In QFT there's a field for each fundamental particle that permeates the whole universe. E.g. an electron field, a photon field, etc. Disturbances in these fields are what one would call particles in non-relativistic QM.
So Classical -> QM (quantum system, classical observer/apparatus) -> QFT (quantum everything)
In classical EM, light is a wave. In QM, light is particles. In QFT particles are just disturbances in the all-pervading fields.
Binney has said that QM is just measurement for grownups, or some such. What is a measurement? It's when the system you're observing becomes entangled with the measuring device. We don't know the exact state of every atom in our measuring device, but these could all perturb the system we're measuring. So QM is a hack where you treat the system as quantum but the observer/measuring device as classical which is why you need this confusing wave-function collapse. It was a conscious choice in the development of the theory. This last bit might give some insight into why trying to sense the photon at one of the double-slits ruins the interference pattern.
Because it's wrong. It's a quantum of the electromagnetic field. It's neither a wave nor a particle. It just happens to have some properties of both.
But for the duality, there's something bigger that the responses always seem to blow past. Is wave-like nature for explaining behavior (wavy double-slit intensity pattern), or is it something to have a mathematical mapping to measured probabilities?
Quantum stories always seem so backwards. The root phenomenon is some sort of irreducible probability. But then the mechanical part (inference in double-slit) goes a totally different direction. Instead of just turning the situation into a probability of one-or-the-other slit, it STAYS as a wave.
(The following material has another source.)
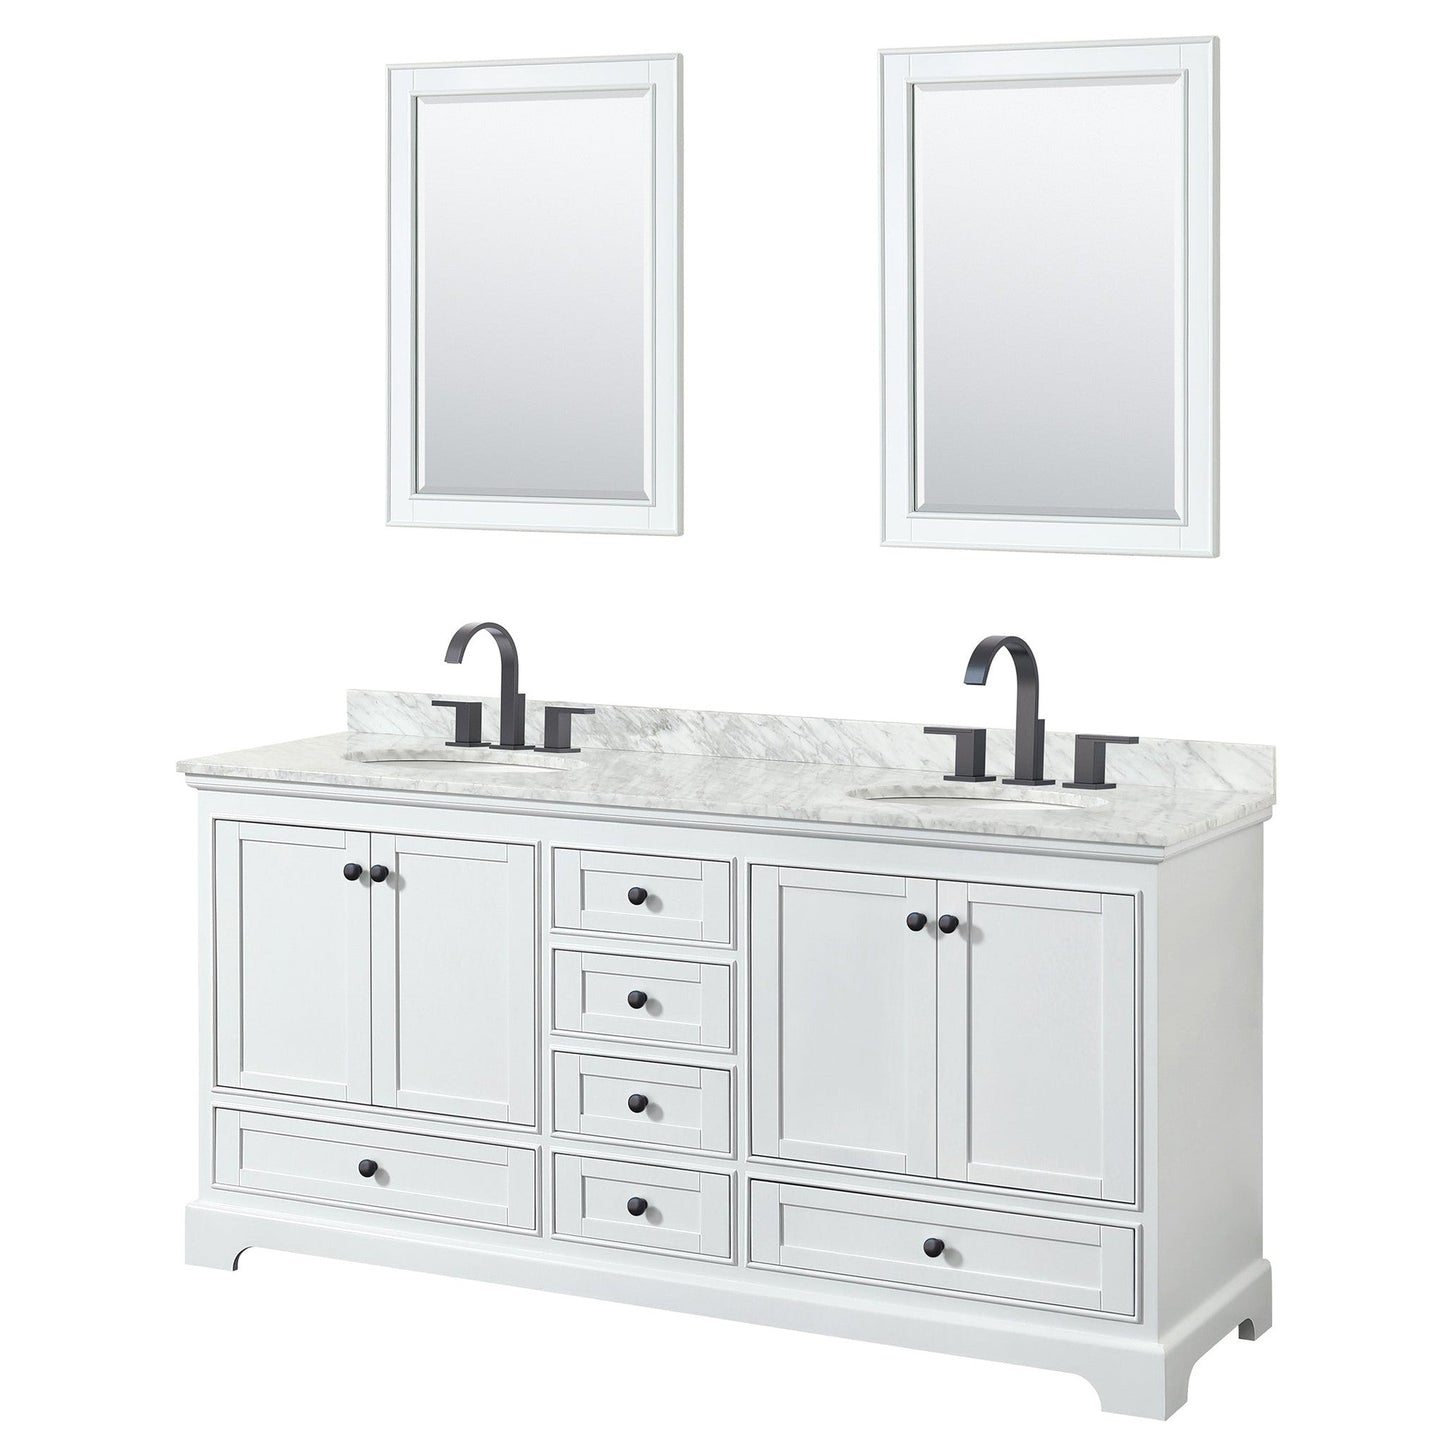 Deborah 72" Double Bathroom Vanity in White, White Carrara Marble Countertop, Undermount Oval Sinks, Matte Black Trim, 24" Mirrors

Okay, now you have a new hole in the story. If the photon refuses to choose just 1 slit to go through, why does it choose 1 spot on the photo paper to land on?
Why do we not still have to consider interference in outcomes after the photon makes its mark on the paper? Why does there appear to be like a limit on entanglement, such that it goes away beyond a certain scale? Why are quantum computers hard?
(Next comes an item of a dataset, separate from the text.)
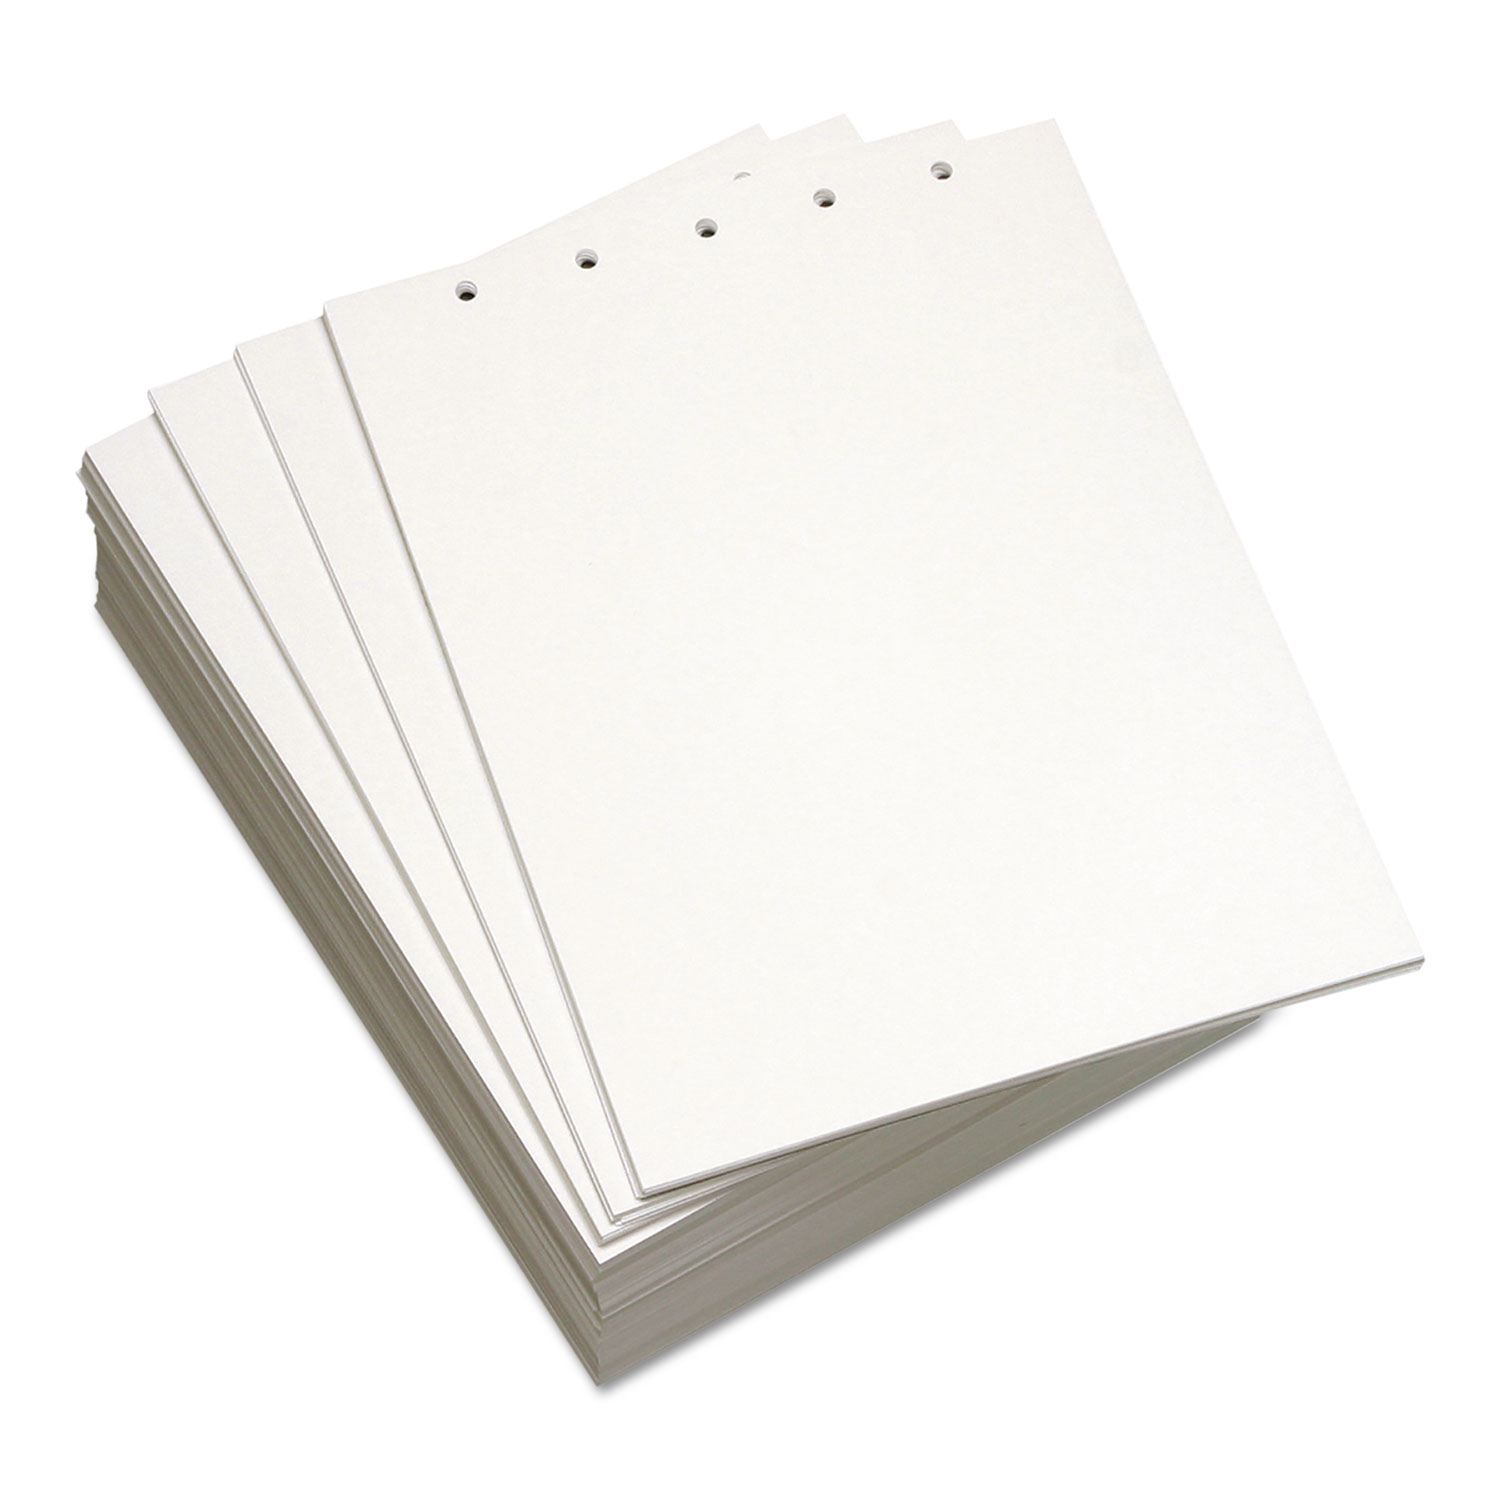  Domtar 851254 Custom Cut-Sheet Copy Paper, 92 Bright, 5-Hole, 20lb, 8.5 x 11, White, 500/Ream (DMR851254)

The photon (as a field excitation) goes through both slits, but is quantized so only has enough energy to trigger a mark at 1 spot on the photo paper.
> Why do we not still have to consider interference in outcomes after the photon makes its mark on the paper?
If we want to be completely accurate, we should. However so many interactions happen so quickly that the law of large numbers quickly takes over and obfuscates the quantum reality. Technical term for this is decoherence.
> Why are quantum computers hard?
Exactly because of this decoherence. It is very difficult to keep the qubit state isolated from the environment throughout the computation.